With pictures left out, copy exactly every line from the one containing "14K Rose Gold" through the end of the material.

### DATA SECTION
==========

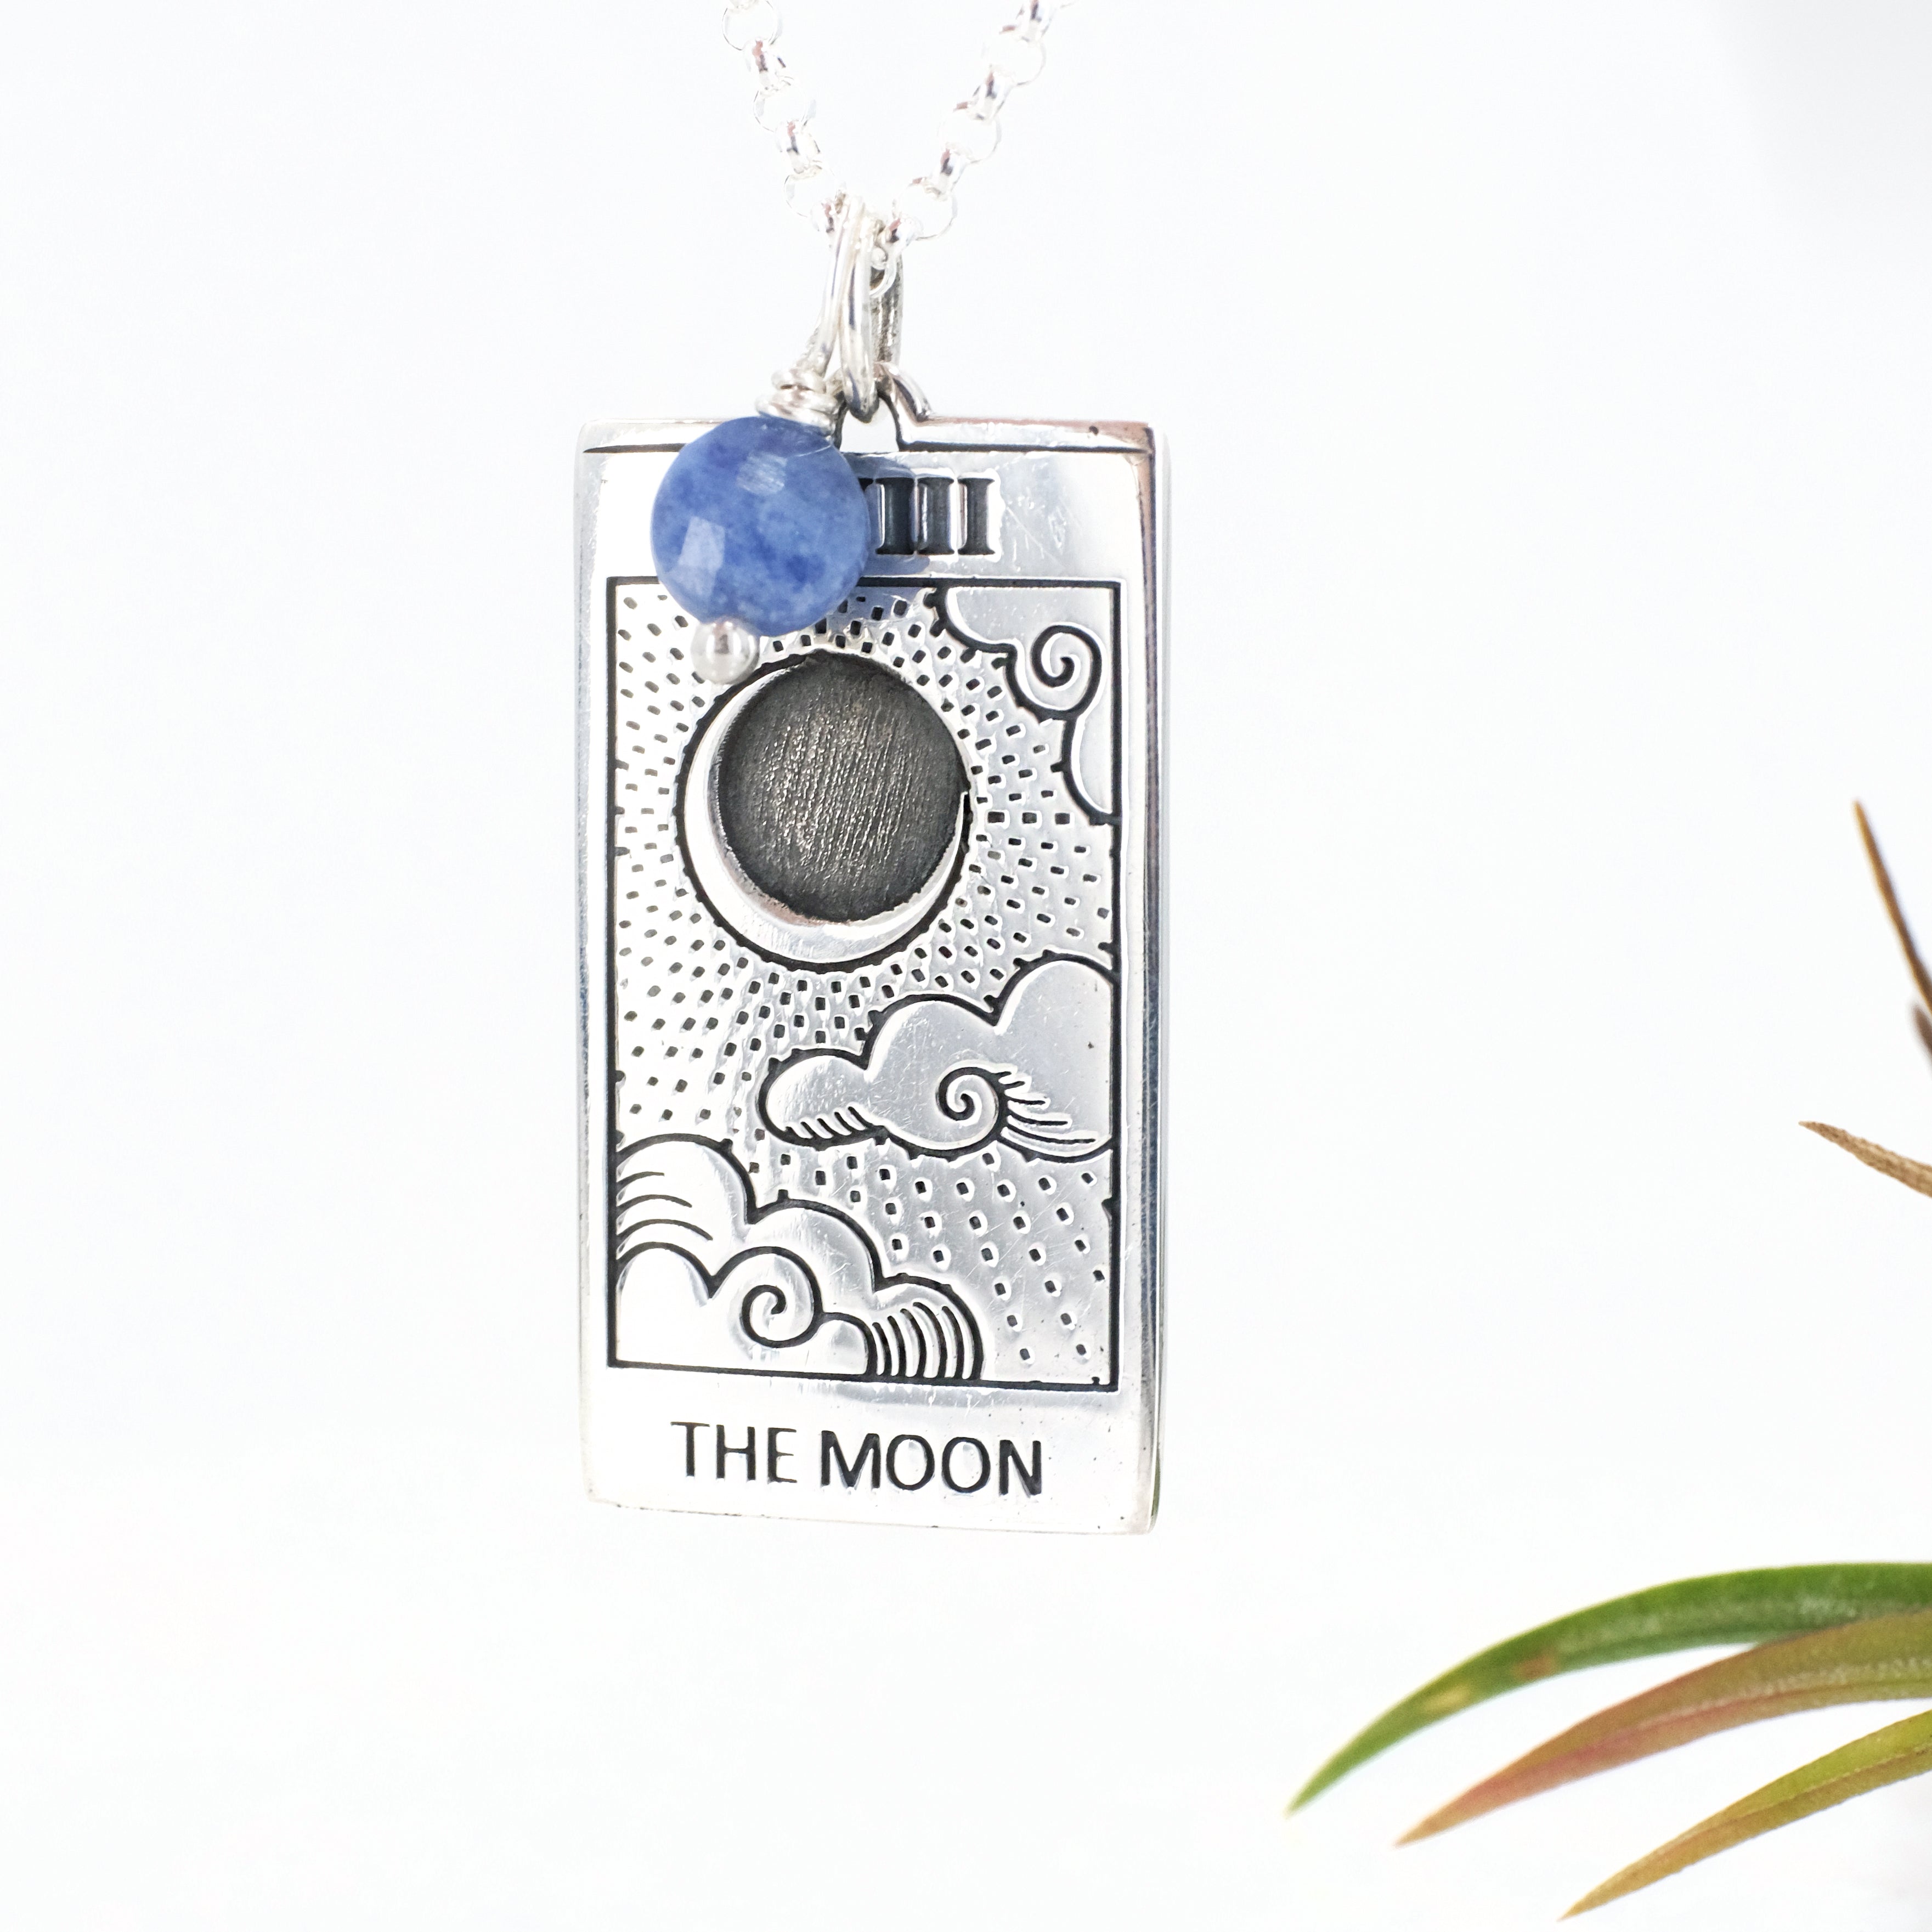 Monday Moon Tarot Sterling Necklace
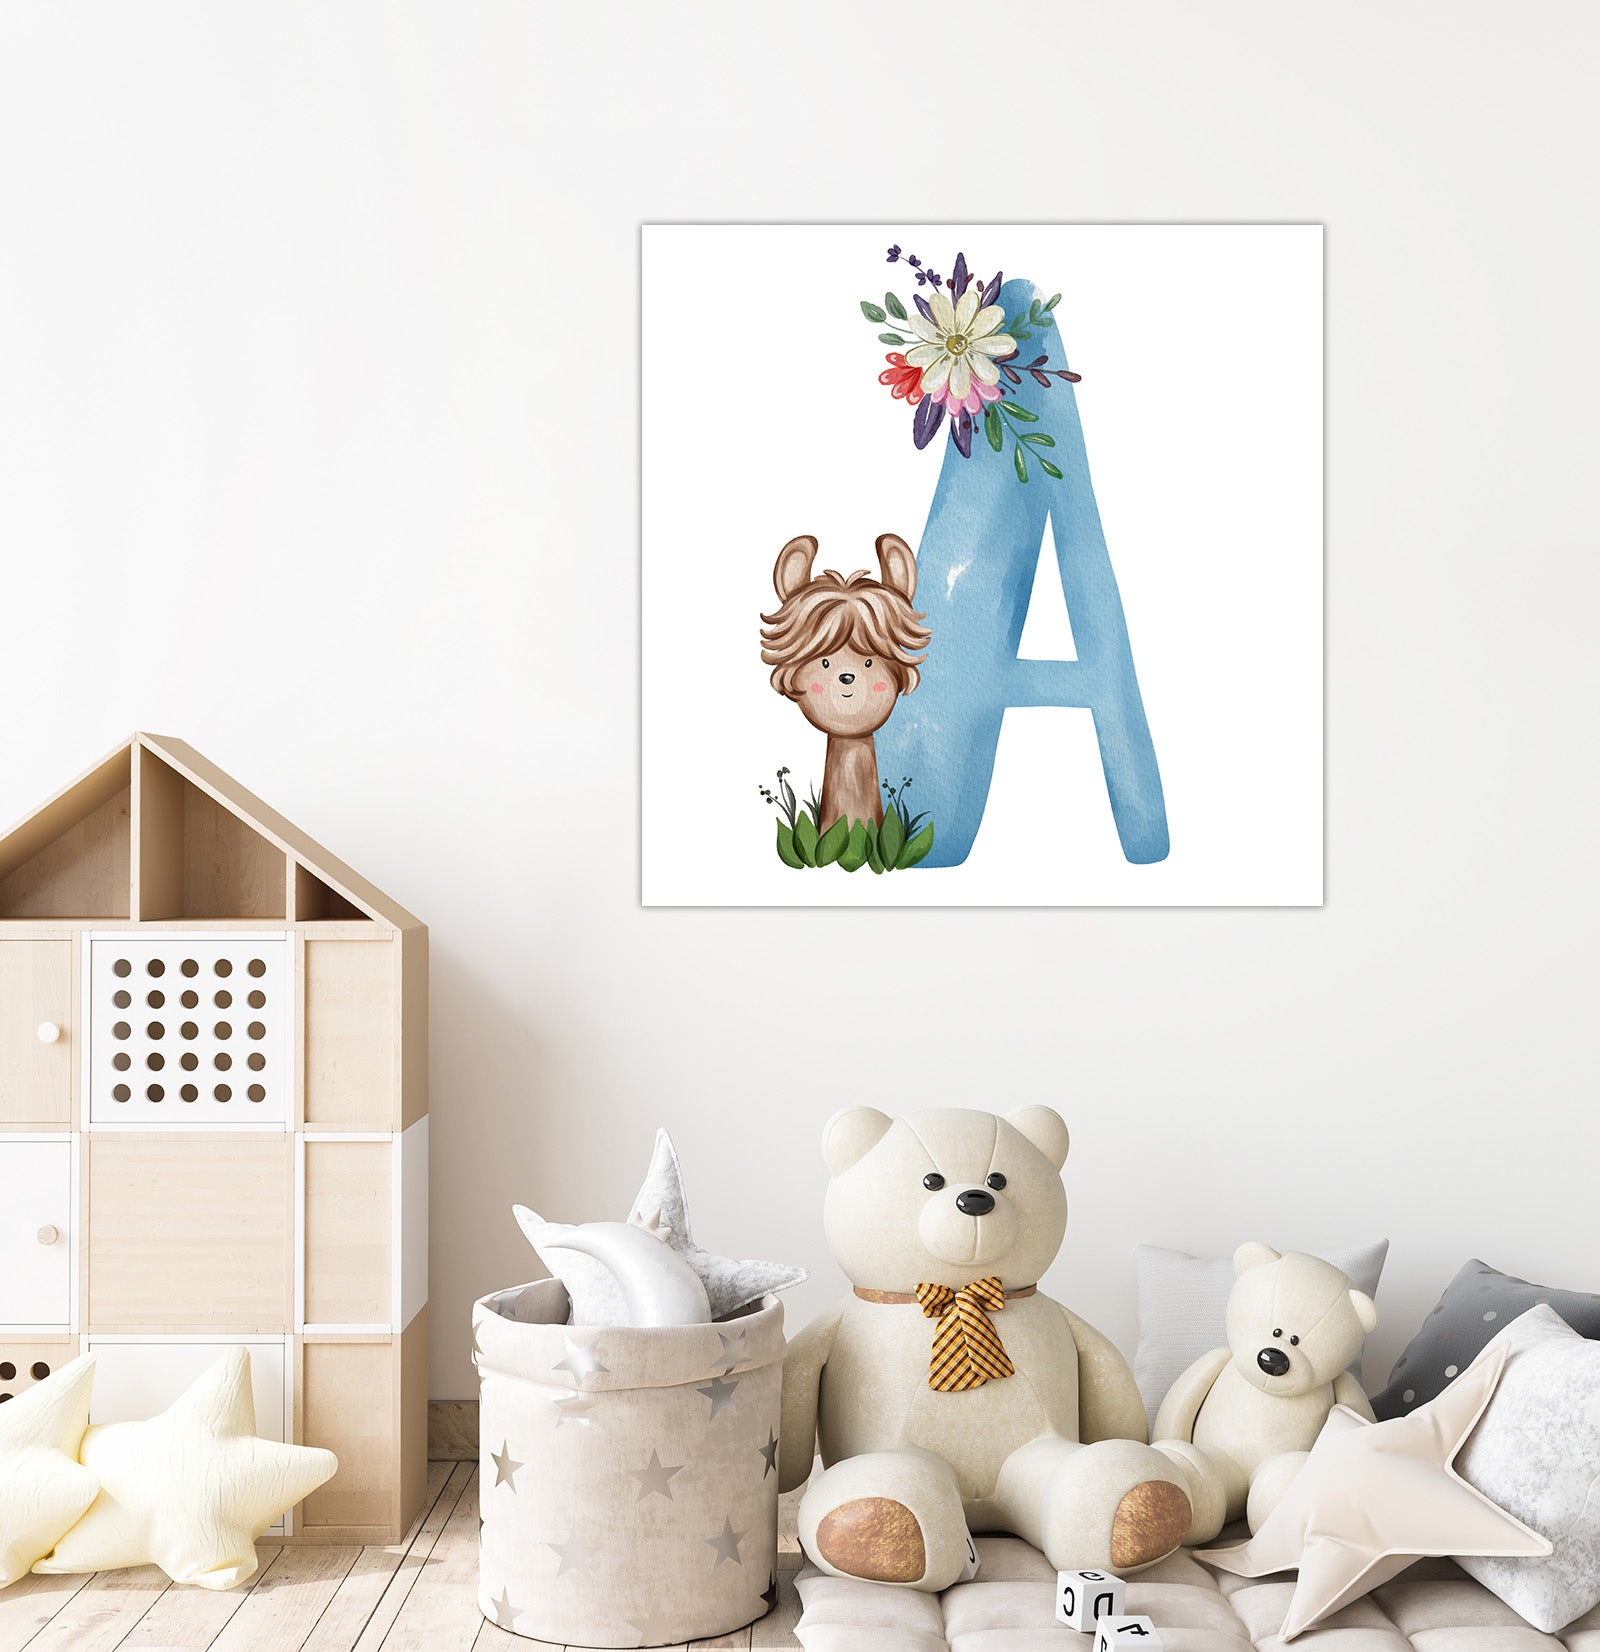 Wall Art For Kids' Room (Letter A)
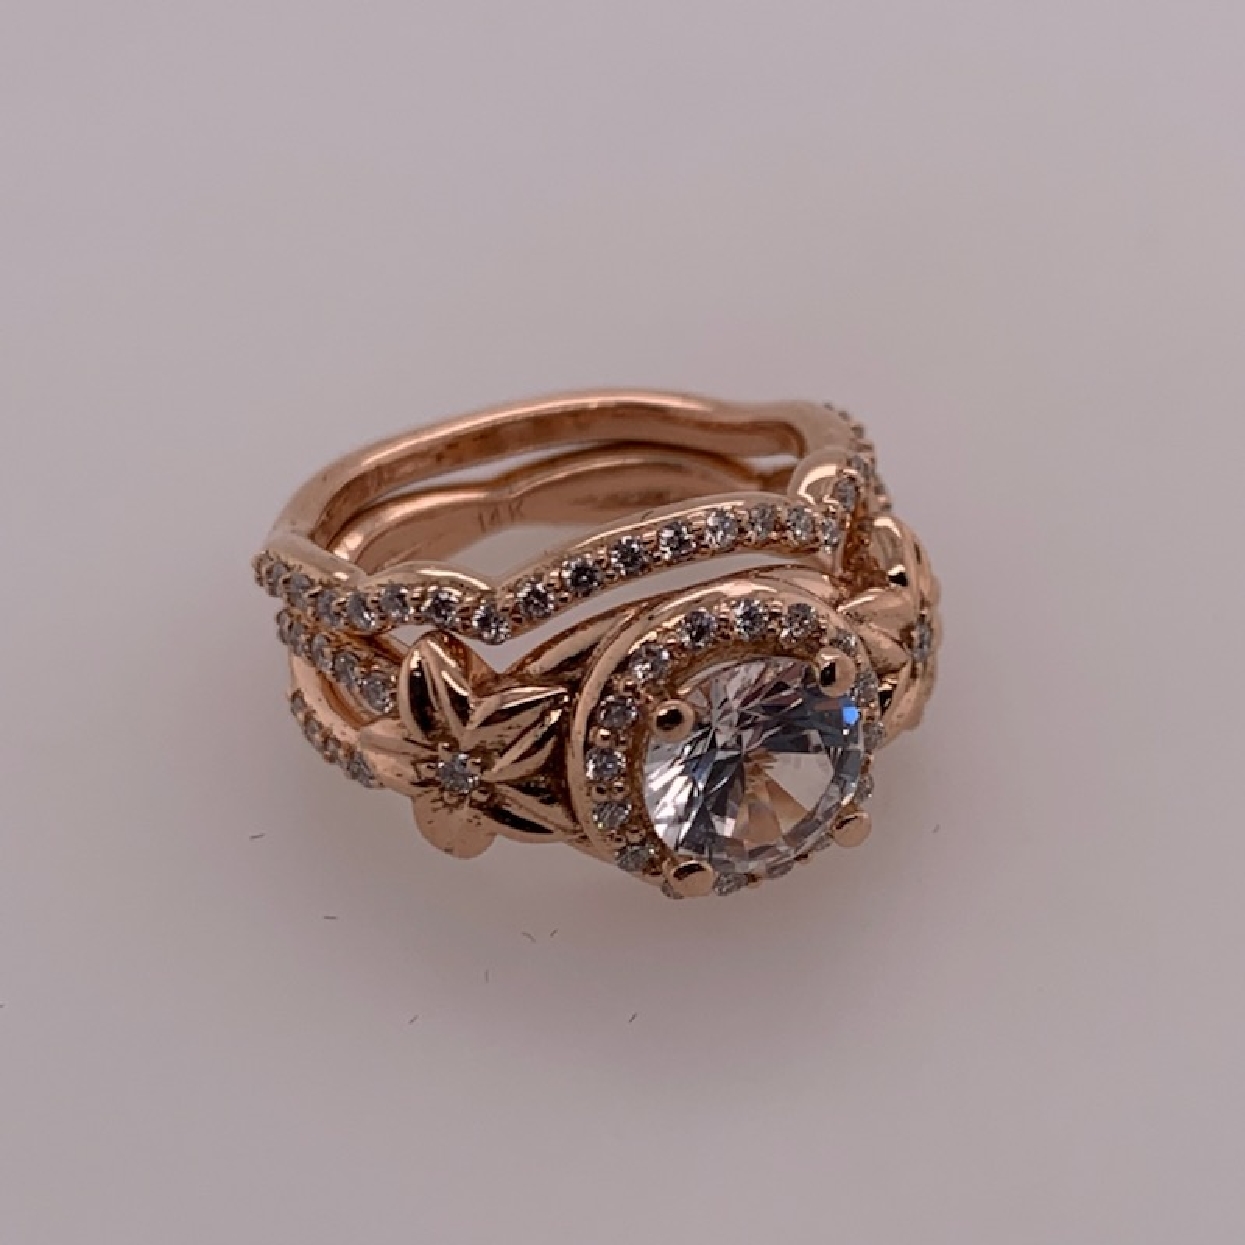 14K Rose Gold Wedding Set with White Sapphire Center and Diamond Accents; Size 6
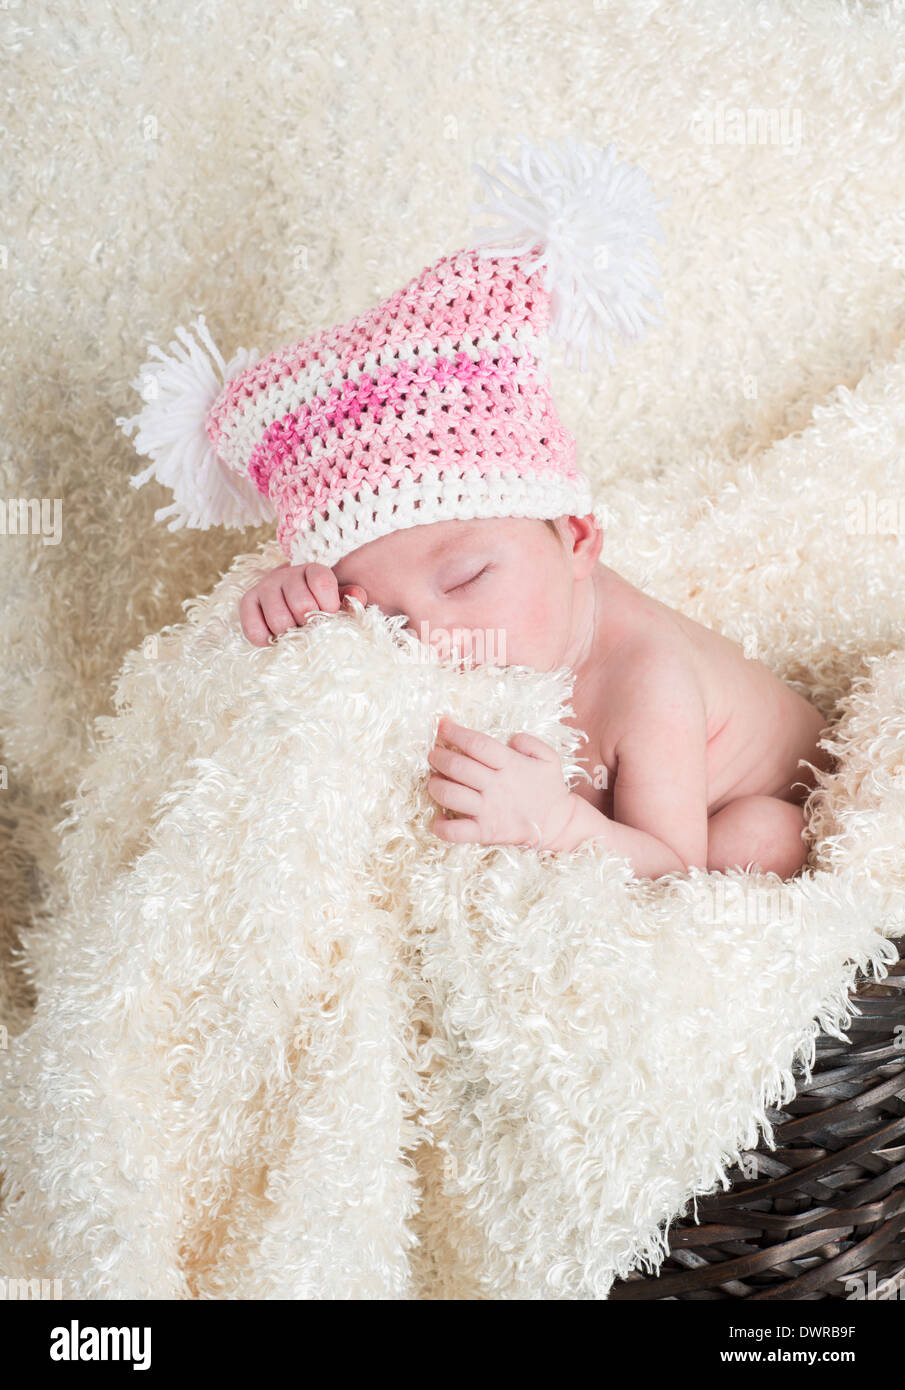 Beautiful newborn baby wearing a pink hat with white pom poms sleeping in a brown woven basket on a soft cream colored blanket Stock Photo

==========

### RESPONSE FOR THIS EXERCISE
 14K Rose Gold Wedding Set with White Sapphire Center and Diamond Accents; Size 6
 Beautiful newborn baby wearing a pink hat with white pom poms sleeping in a brown woven basket on a soft cream colored blanket Stock Photo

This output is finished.